Optimizing Many-Threads-to-Many-Cores Mapping in Parallel Electronic System Level Simulation

Name: Guantao Liu
Date: March 2, 2017

Time: 4:00 PM

Location: Engineering Hall 3206

Committee: Rainer Doemer (Chair), Kwei-Jay Lin, Mohammad Al Faruque

Abstract:

In hardware/software co-design, Discrete Event Simulation (DES) has been in use for decades to verify and validate the functionality of Electronic System Level (ESL) models. Since the parallel computing platforms are readily available today, many Parallel Discrete Event Simulation (PDES) approaches are proposed to improve the simulation performance. However, as the thread parallelism increases in ESL designs and core count multiplies on multi-core and many-core platforms, thread-to-core mapping becomes critical in PDES.

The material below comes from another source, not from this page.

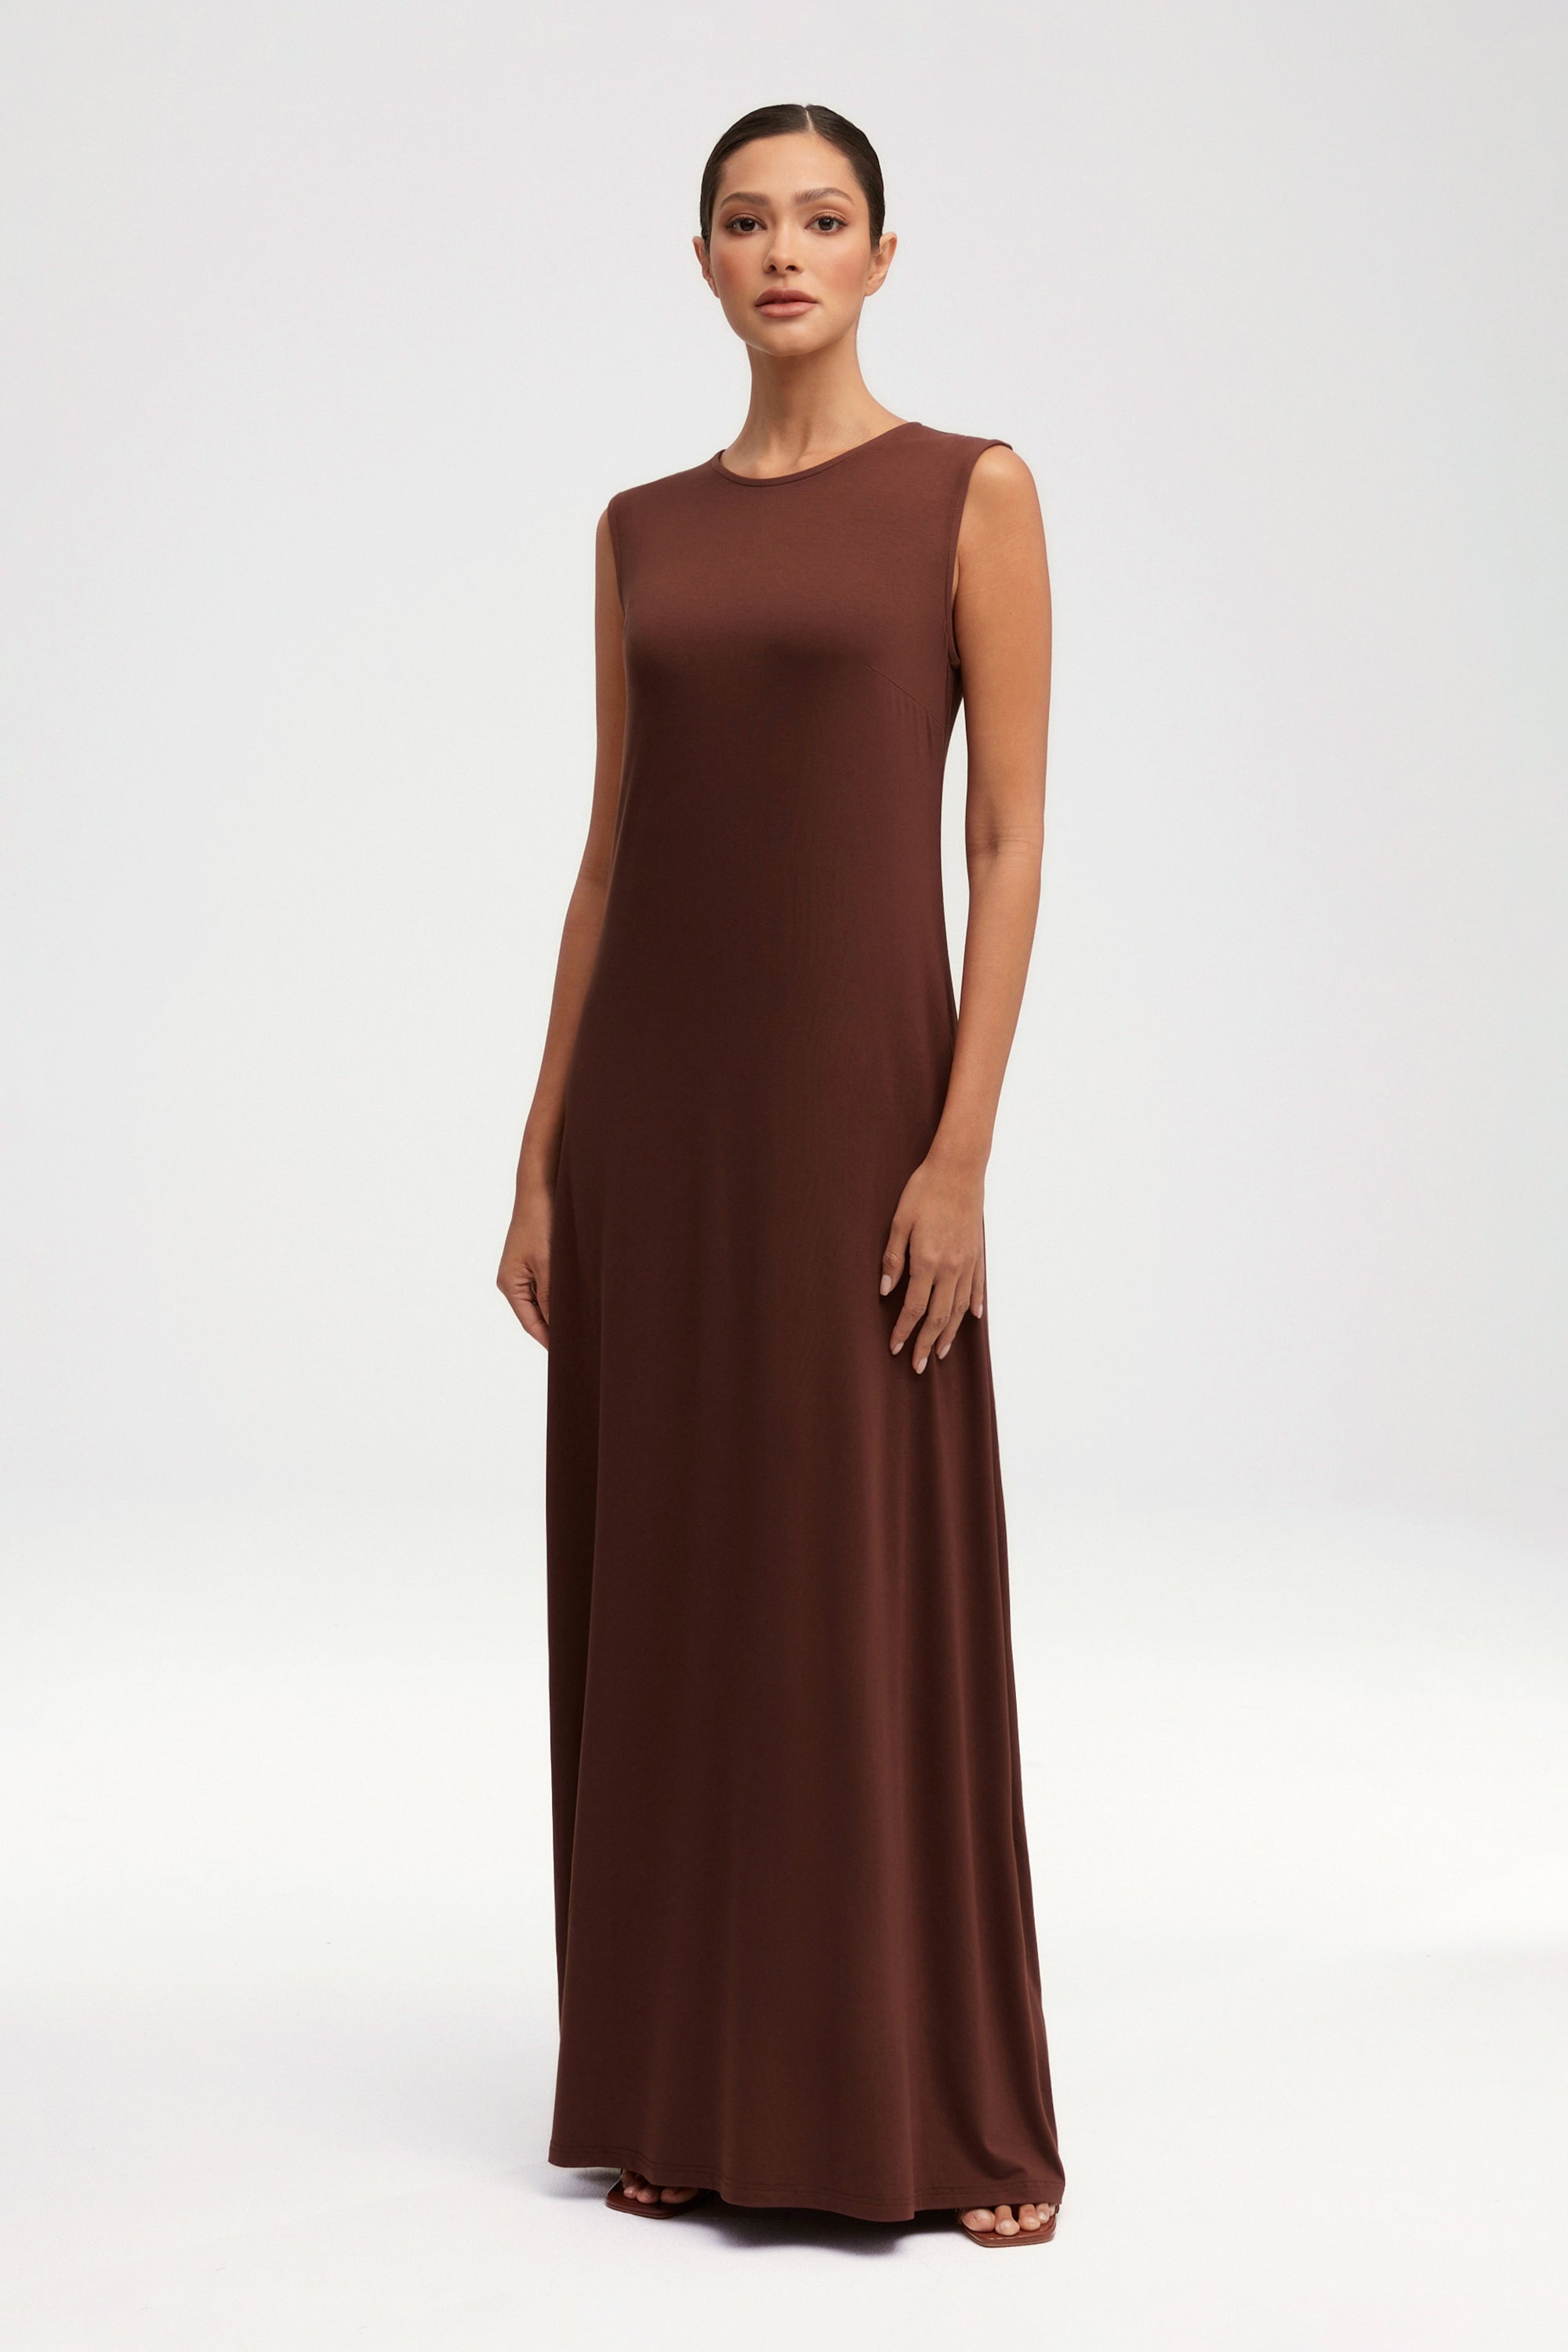 Jenin Jersey Open Abaya & Maxi Dress Set - Chocolate Clothing saigonodysseyhotel

In this dissertation, we propose a computation- and communication-aware approach to optimize thread mapping for parallel ESL simulation, with the aims of load balancing and communication minimization. As we identify that the order of dispatching parallel threads has a significant influence on the total simulation time, and Longest Job First (LJF) shows better performance than the Linux default thread dispatch policy, we first propose a segment- aware LJF scheduler for PDES. Our segment-aware scheduler can accurately predict the run time of the thread segments ahead, and thus make better dispatching decisions. Next, we define the concept of core distance for multi-core and many-core architectures, which quantifies core-to-core communication latency and characterizes processor hierarchies. For many-core architectures using directory-based cache coherence protocols, we observe that core-to-core transfers are not always significantly faster than main memory accesses, and the core-to-core communication latency depends not only on the physical placement on the chip, but also on the location of the distributed cache tag directory. Thus, using a memory ping-pong benchmark, we quantify the core distance on a ring-network many-core platform and propose an algorithm to optimize thread-to-core mapping in order to minimize on-chip communication overhead. Altogether, based on a static analysis of communication patterns and core distance and a dynamic profiling of computation load, our proposed framework utilizes a heuristic graph partitioning algorithm and automatically generates an optimized thread mapping, which minimizes inter-chip communication overhead. In our systematic evaluation, our approach consistently shows a significant performance gain on top of the order-of-magnitude speedup of PDES.

The contributions of this dissertation include a segment-aware multi-core scheduler, core distance profiling, a communication-aware thread mapping framework, together with an open-source software package for Out-of-Order PDES.